## Exercise directions
Please give back only the lines below from the one containing "Balenciaga City Handtasche" to the one containing "Cartel y recorrido", each repeated word for word, both ends included.

## Supplied material
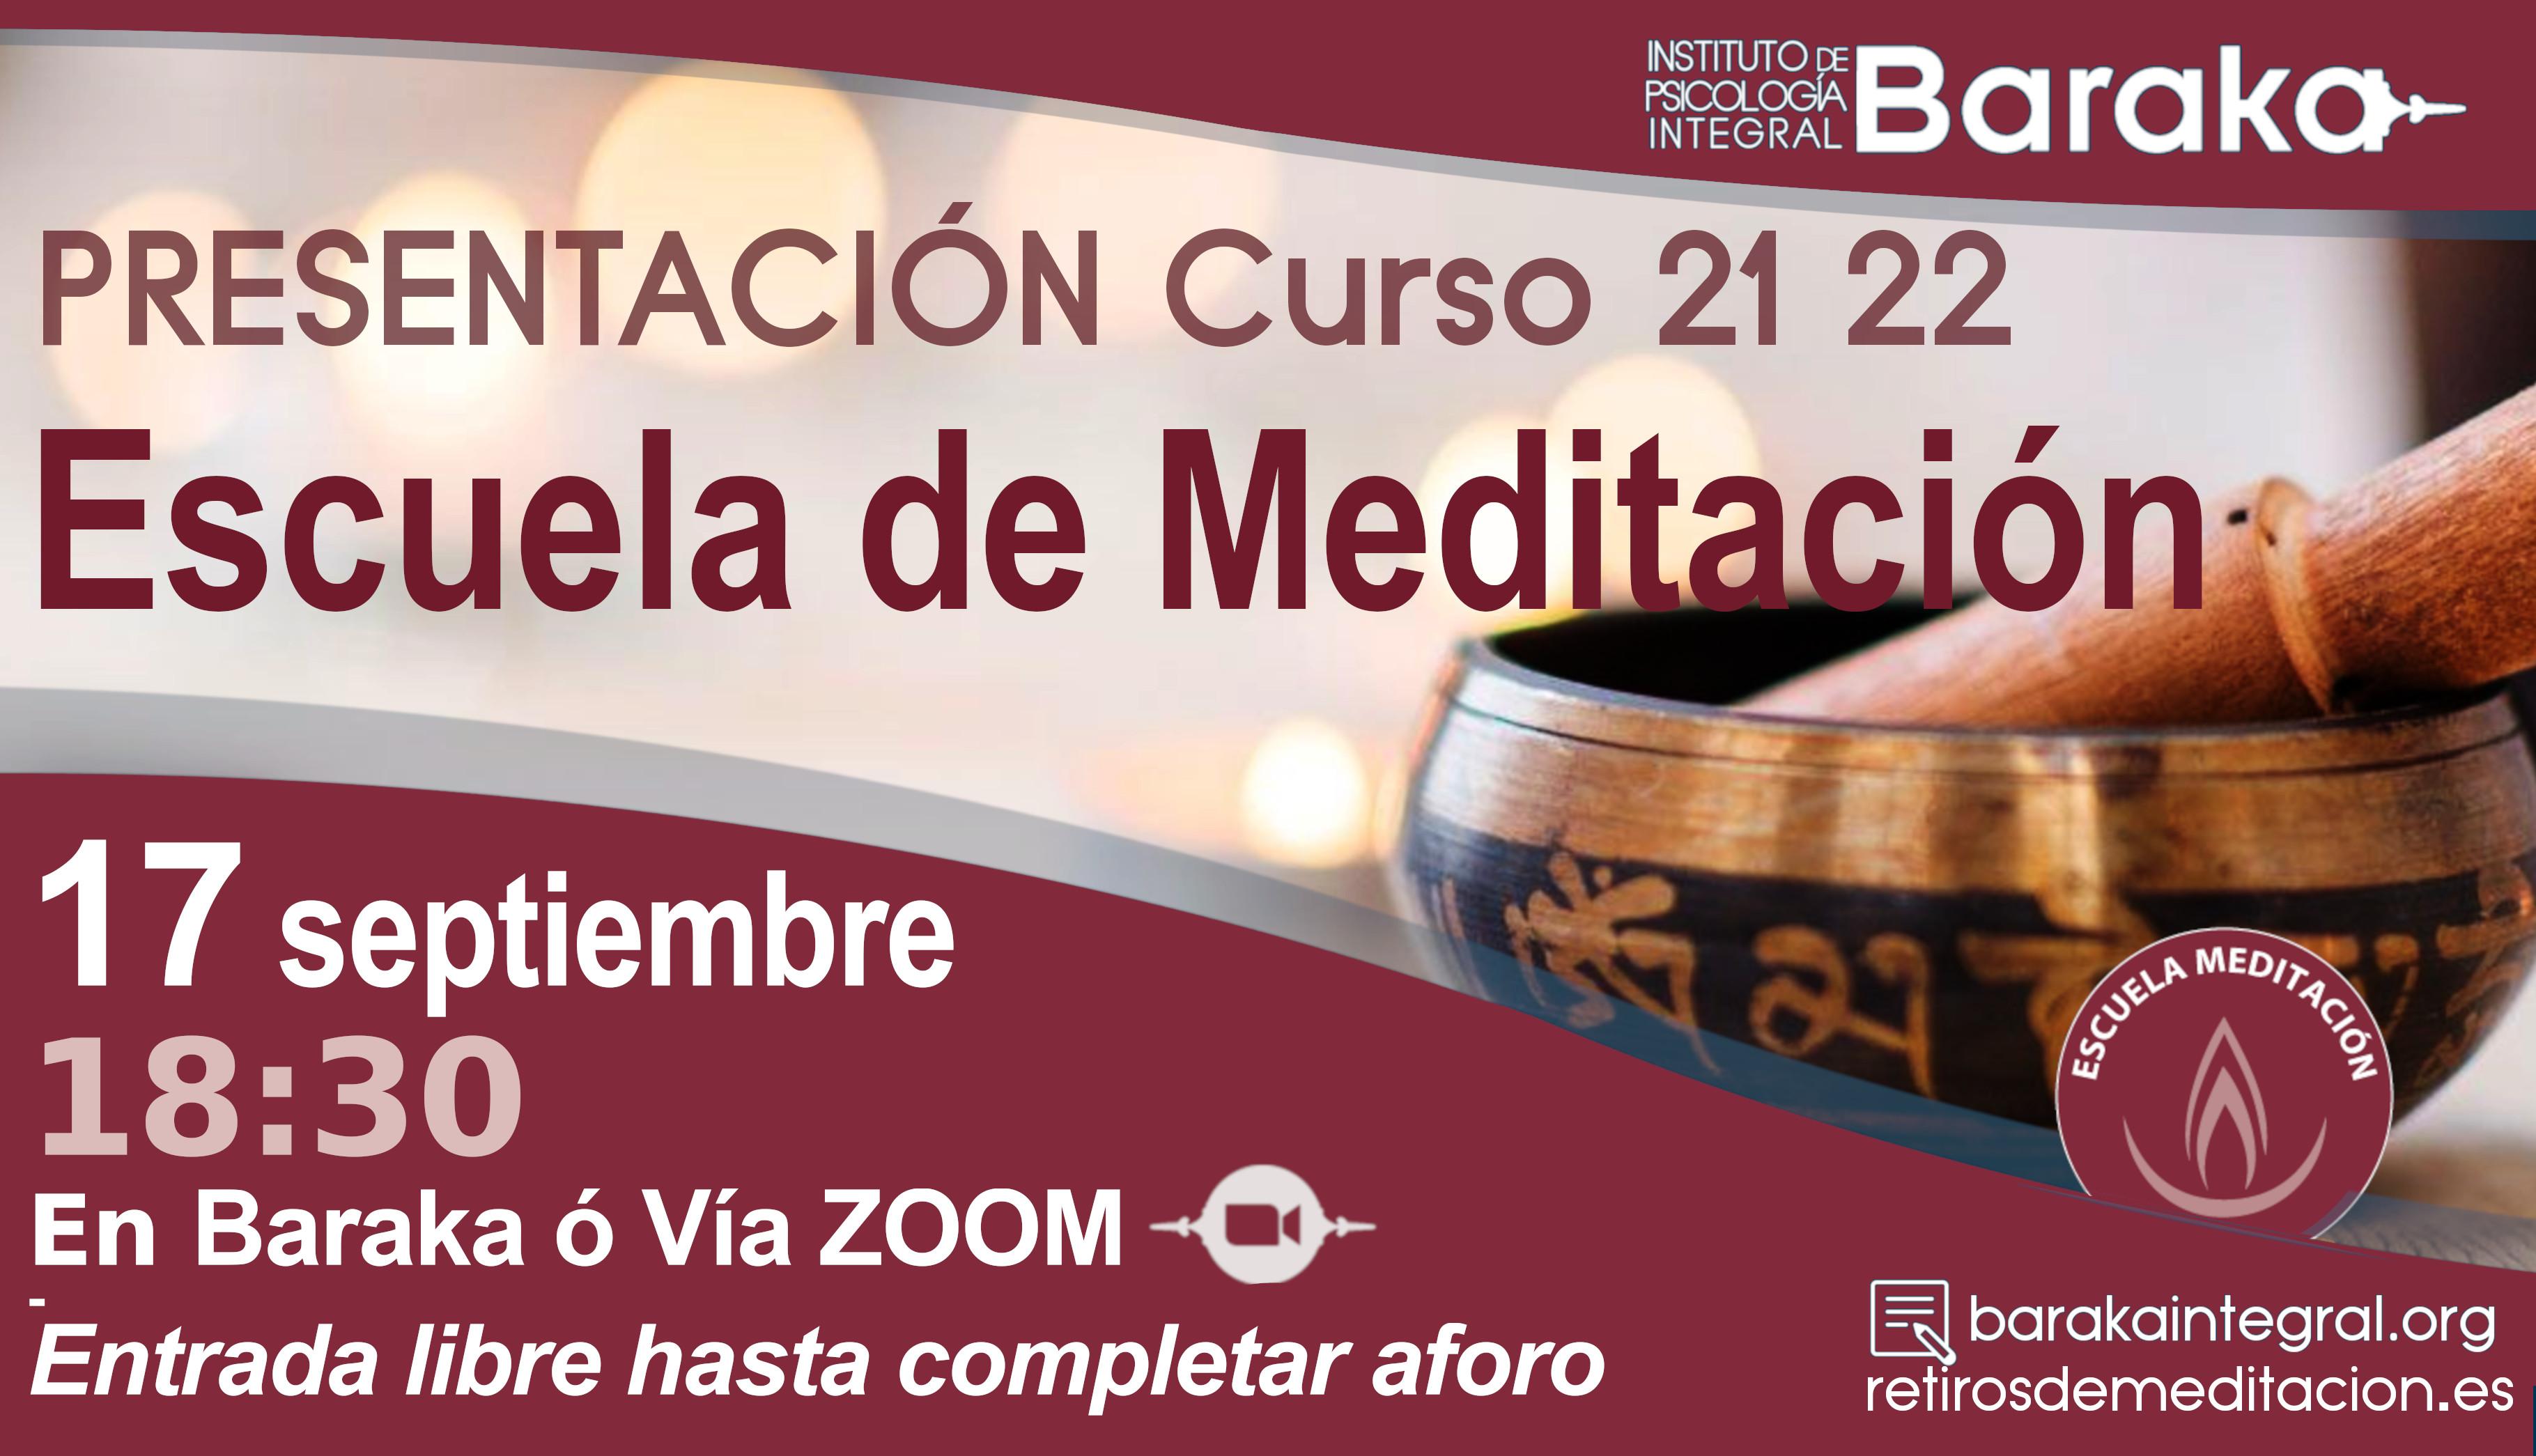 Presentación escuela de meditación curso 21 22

...

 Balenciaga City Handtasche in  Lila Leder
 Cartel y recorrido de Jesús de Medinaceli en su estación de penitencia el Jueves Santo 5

--

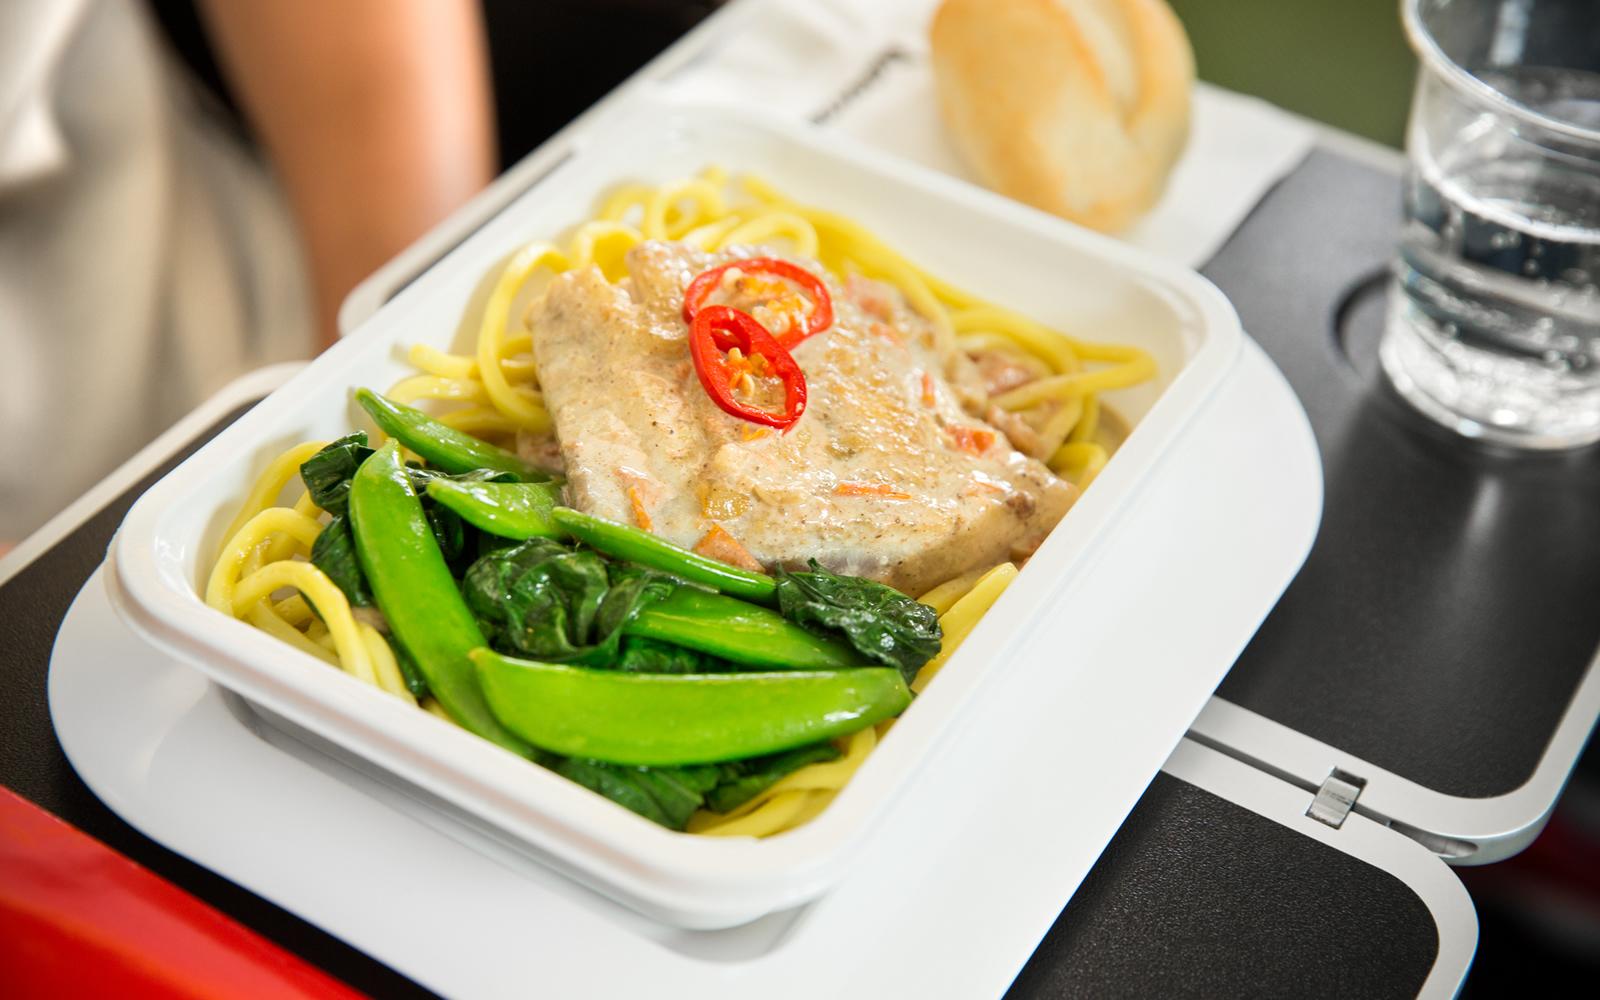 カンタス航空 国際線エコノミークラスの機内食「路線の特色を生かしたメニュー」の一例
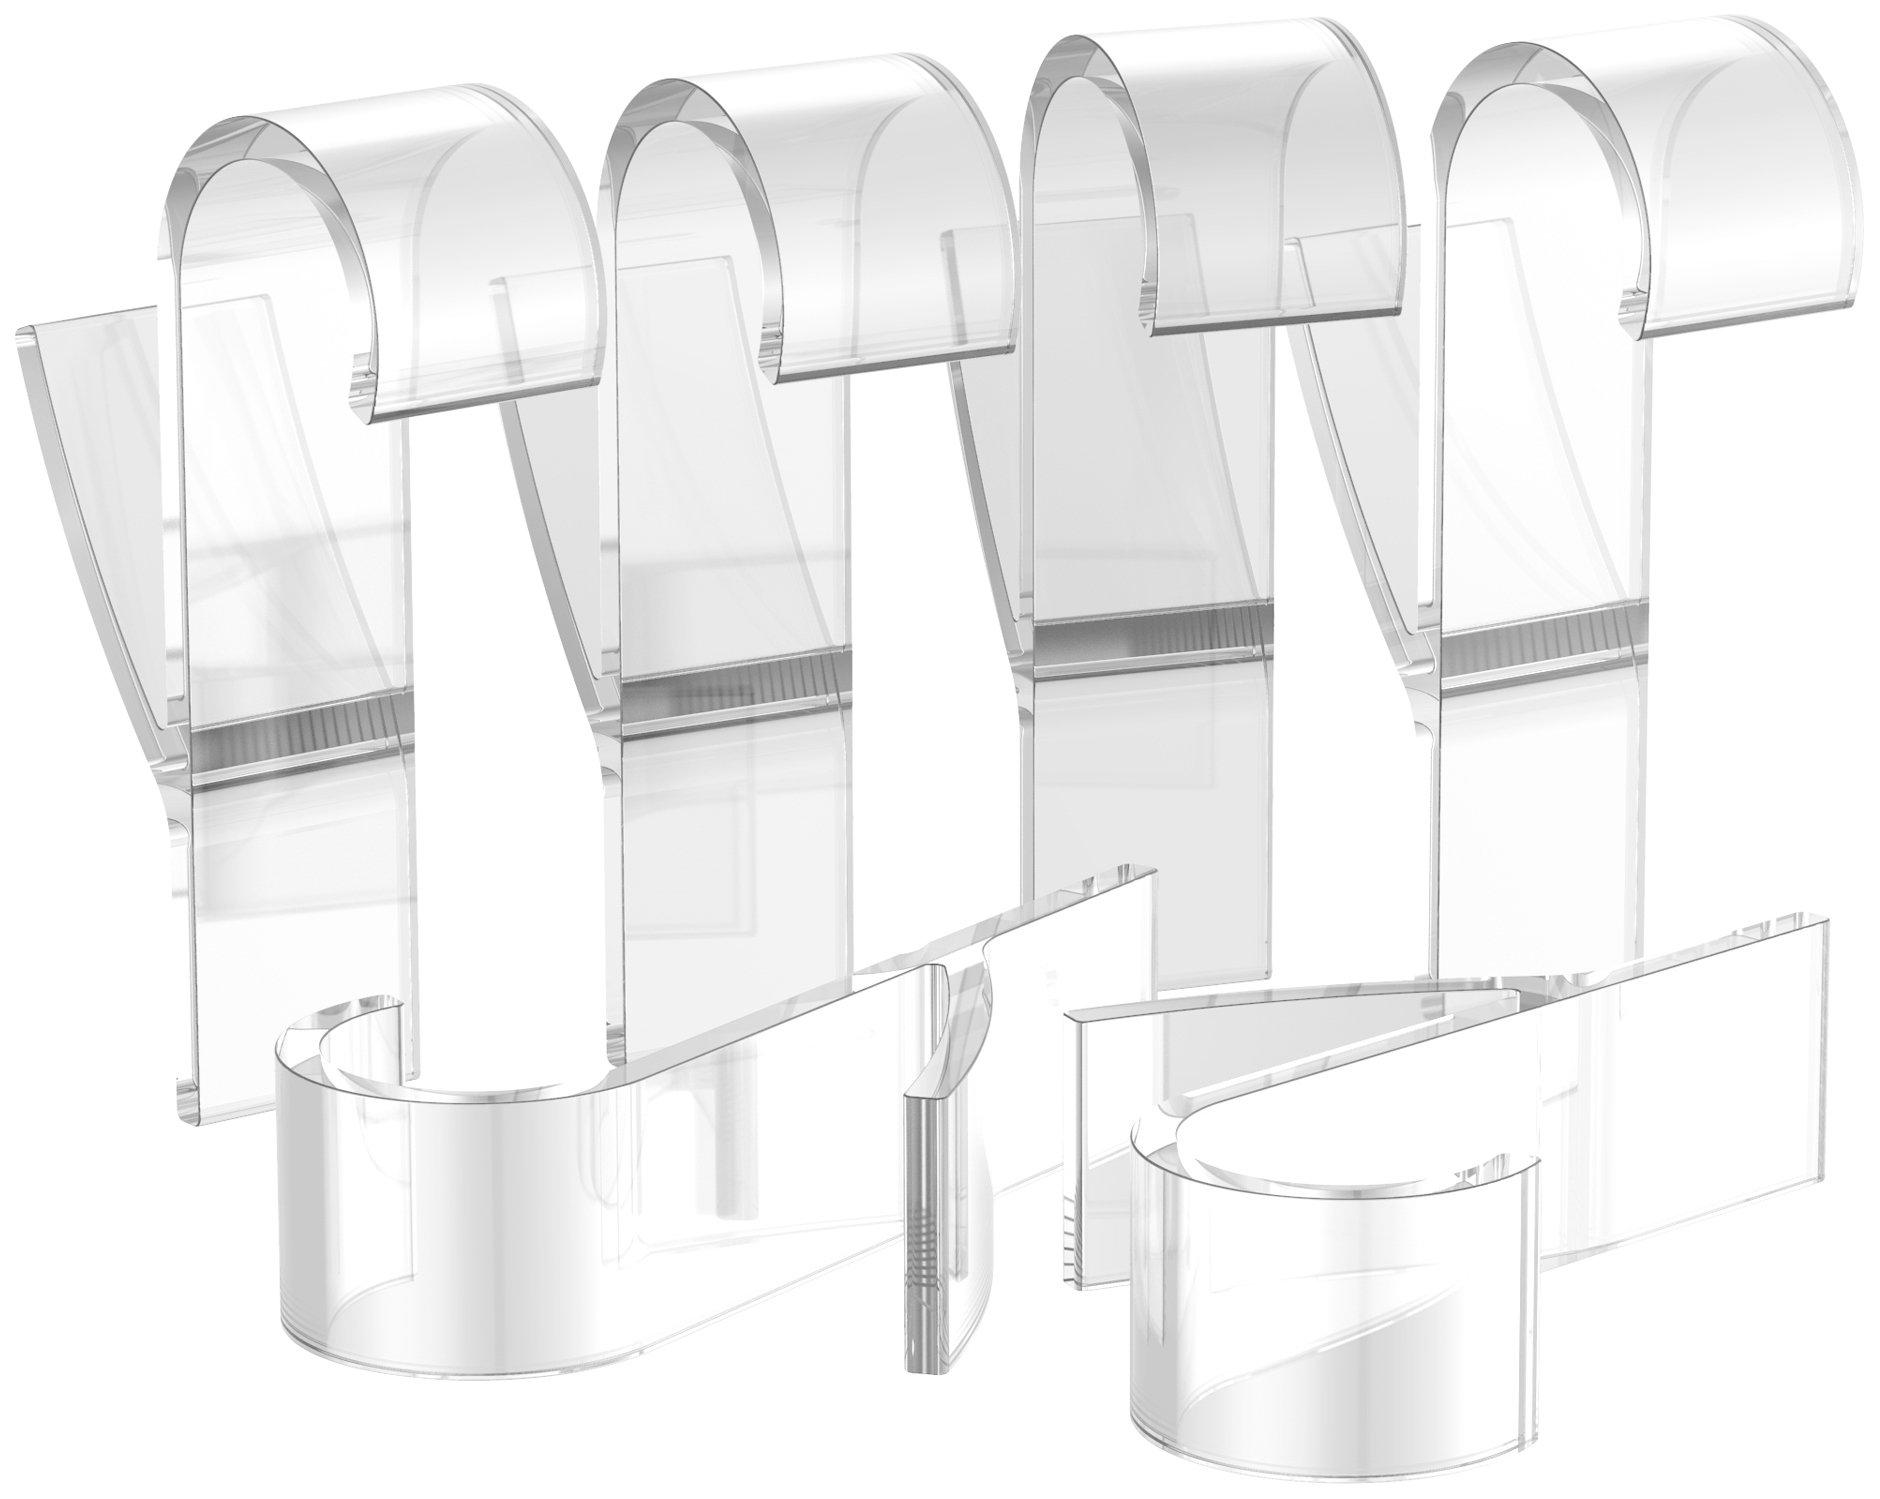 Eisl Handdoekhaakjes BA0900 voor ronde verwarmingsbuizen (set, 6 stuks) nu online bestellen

## Reply to the task
 Balenciaga City Handtasche in  Lila Leder
 Cartel y recorrido de Jesús de Medinaceli en su estación de penitencia el Jueves Santo 5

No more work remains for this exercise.